Probably the simplest thing for you to do would be to concatenate the two
genomes one after the other using the concatenate tool under "text
manipulation". This will generate a new organism with apparently two
chromosomes one from bacteria A and one from bacteria B. When you run tophat or
bowtie the sam file will indicate which "chromosome" (i.e. which bacteria) it
assigned the read to.
Hope this helps.
Dr David A. Matthews
Senior Lecturer in Virology
Department of Cellular and Molecular Medicine,
School of Medical Sciences
University of Bristol
Tel. +44 117 3312058
Fax. +44 117 3312091
On 9 Jun 2011, at 15:18, John David Osborne wrote:
> Are there any tools in Galaxy to align short reads against multiple reference
> I have a dozen microbial genomes sequenced for which there are 2 reference
> genomes already sequenced.
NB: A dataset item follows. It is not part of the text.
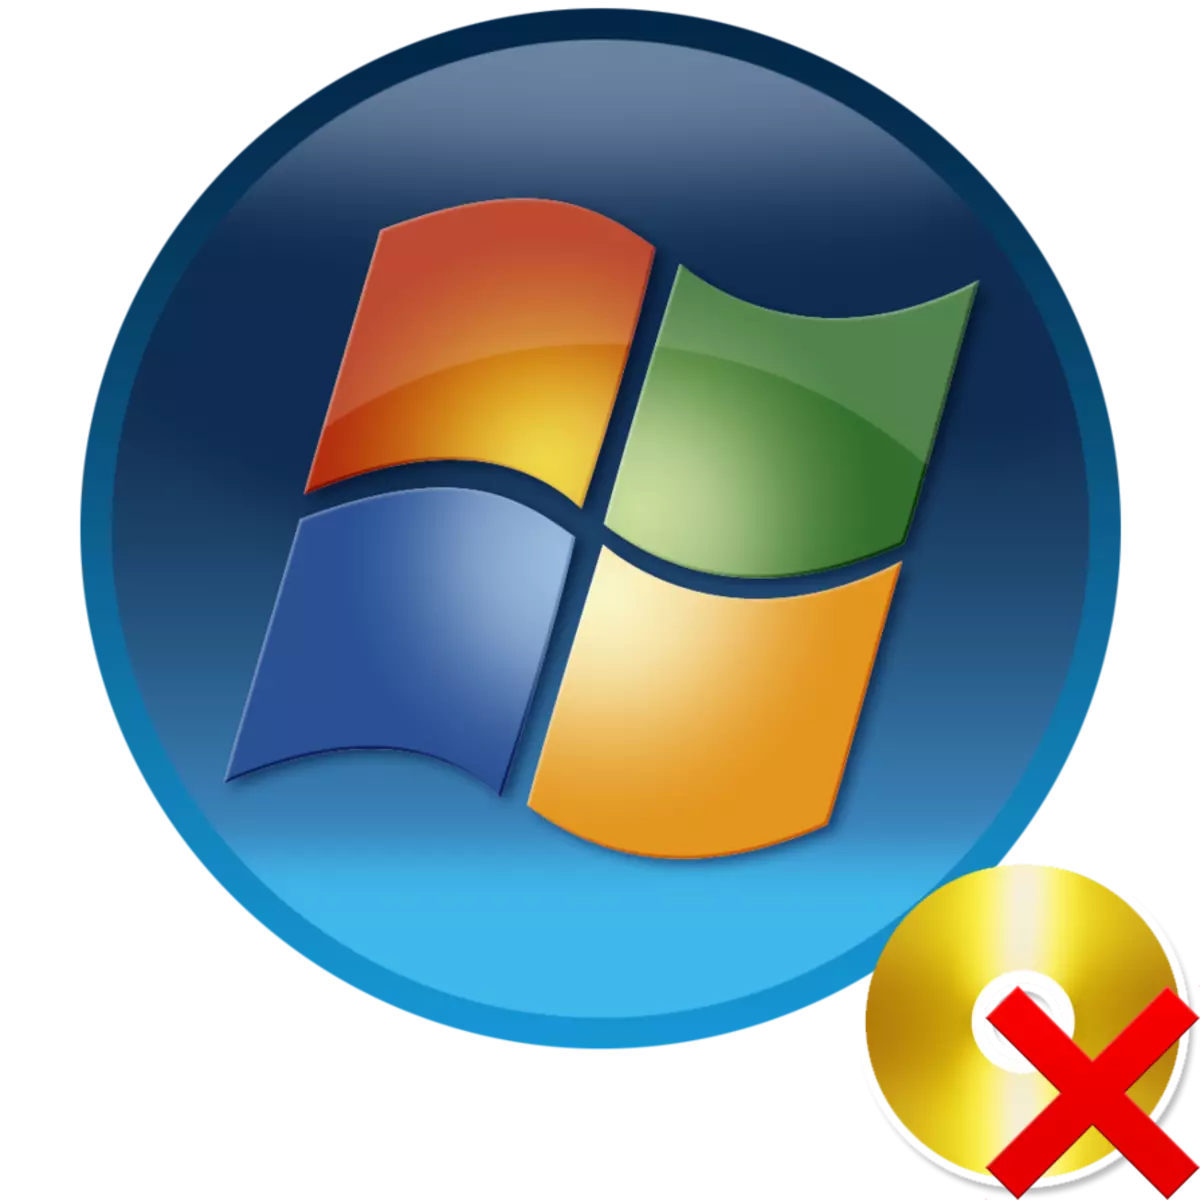 Ho hlakola disk e fumanehang khomphuteng ka Windows 7

We have tried aligning each of these individually
> against either of the reference genomes - some align better against the first
> reference genome, some align better against the second reference genome.
> Ideally though I would like to be able to align against both at the same
> time. Is this possible?
> I have found a tool called GenomeMapper and hints of 2 other tools in
> development that do something like this, but nothing for Galaxy yet.
> How do others proceed with this type of problem? Workflows appreciated! :)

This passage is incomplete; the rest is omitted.